Thanksgiving

The Daily Reckoning PRESENTS: When people think of Thanksgiving, they
think of Pilgrims and Indians, sitting down at the same table to give
thanks…but in this DR Classique, first run on Thanksgiving Day, 1999,
Bill Bonner gives us a lesson in the real history behind the holiday…

THANKSGIVING

I turned to my trusty assistant…Beirne White…this morning.

“Beirne,” I said gravely, “tell me about Thanksgiving in Mississippi.”

Beirne proceeded to tell me about a Mississippi bluesman named “Son”
House, who lived to be 102 by doing what bluesmen tended to do…chasing
bad luck, bad liquor and bad women.

“What has that to do with Thanksgiving?”

“Nothing,” he replied…whereupon he drew on the resources generously
provided by Britannica.com, formerly of Chicago, lately of cyber space, to
get me the research I requested.

Beirne hails from Mississippi. And while Mississippians will sit down with
the rest of the nation…and tuck into their turkeys with equal
relish…perhaps only substituting Bourbon Pecan pie for the sweet potato
or pumpkin pie enjoyed in Maryland…it was not always so. Somewhere deep
in the most primitive part of his medulla oblongata, the part of the brain
where race memories are stored, Beirne resists Thanksgiving. It is, after
all, a Yankee holiday.

In the middle of the War Between the States, both sides would proclaim
days of “thanksgiving,” following the progress of the war as we now follow
the progress of the stock market. After each of the first and second
battles of Bull Run – which sent the Yankees fleeing back to Washington –
the Confederates proclaimed days of thanksgiving. But it was Lincoln’s day
that stuck. Declared after the battle of Gettysburg – the last great
Napoleonic charge of military history – Thanksgiving was set for the third
Thursday in the month of November, commemorating the Northern victory.

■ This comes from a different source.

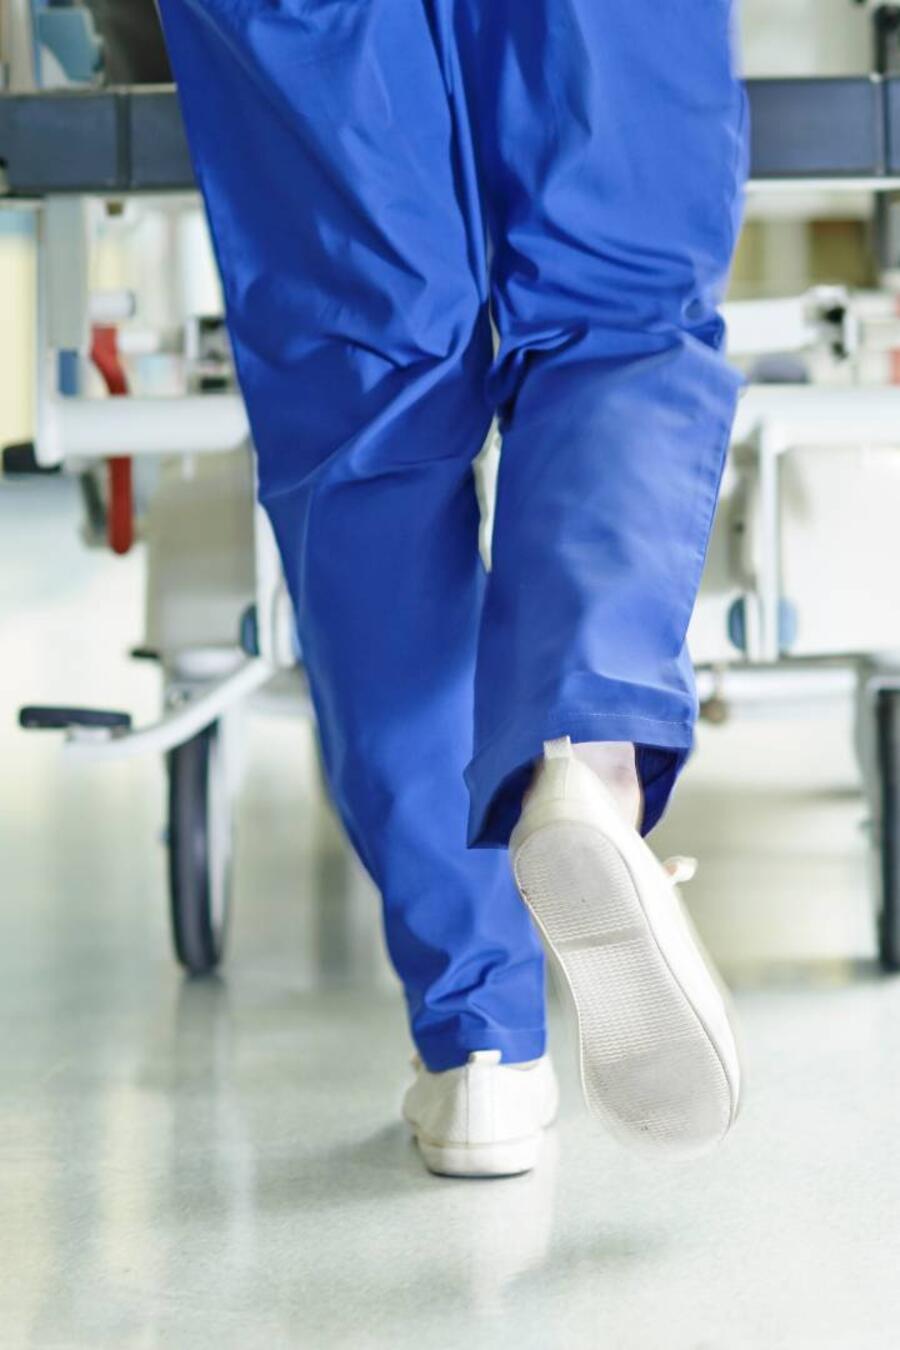 Enfermera en pasillo de hospital

Beirne doesn’t say so…but this fact must stick in his craw. It doesn’t
help that the original celebration took place in Massachusetts. And that
it was hosted by a dour bunch of Puritans, who probably wouldn’t have been
able to enjoy a good dinner if their lives depended on it. But they
certainly had a lot to be thankful for.

As the Wall Street Journal reminds us annually, they nearly exterminated
themselves in typical Yankee fashion – by wanting to boss each other
around. They had arrived in Massachusetts by accident and bad seamanship,
intending to settle in the more hospitable climate of Virginia, which had
been colonized more than 10 years before. Once in Massachusetts, they
proceeded to set up such a miserable community that surely most of them,
had they lived, would have longed to return to England. The Soviets could
have learned from their example and spared themselves 70 years of misery.
Only after the “witch-burners and infant-damners” abandoned their communal
form of organization, and allowed people to work for themselves, did the
colony have a prayer of survival.

But victors write the history books. And now this precarious celebration
by a feeble group of religious zealots has turned into the most American
holiday. After Appomattox, the South was helpless. Its natural leaders,
the plantation aristocrats, were either dead, bankrupted and/or
discredited.

Many of them went to Northern cities, like New York or Baltimore, where,
Mencken tells us, they “arrived with no baggage, save good manners and
empty bellies.” They enriched the North. But back home, they were sorely
missed. “First the carpetbaggers,” says Mencken, “ravaged the land…and
then it fell into the hands of the native white trash…” Scars of war can
take a long time to heal. But 130 years later, the South is the most
economically and culturally robust part of the nation.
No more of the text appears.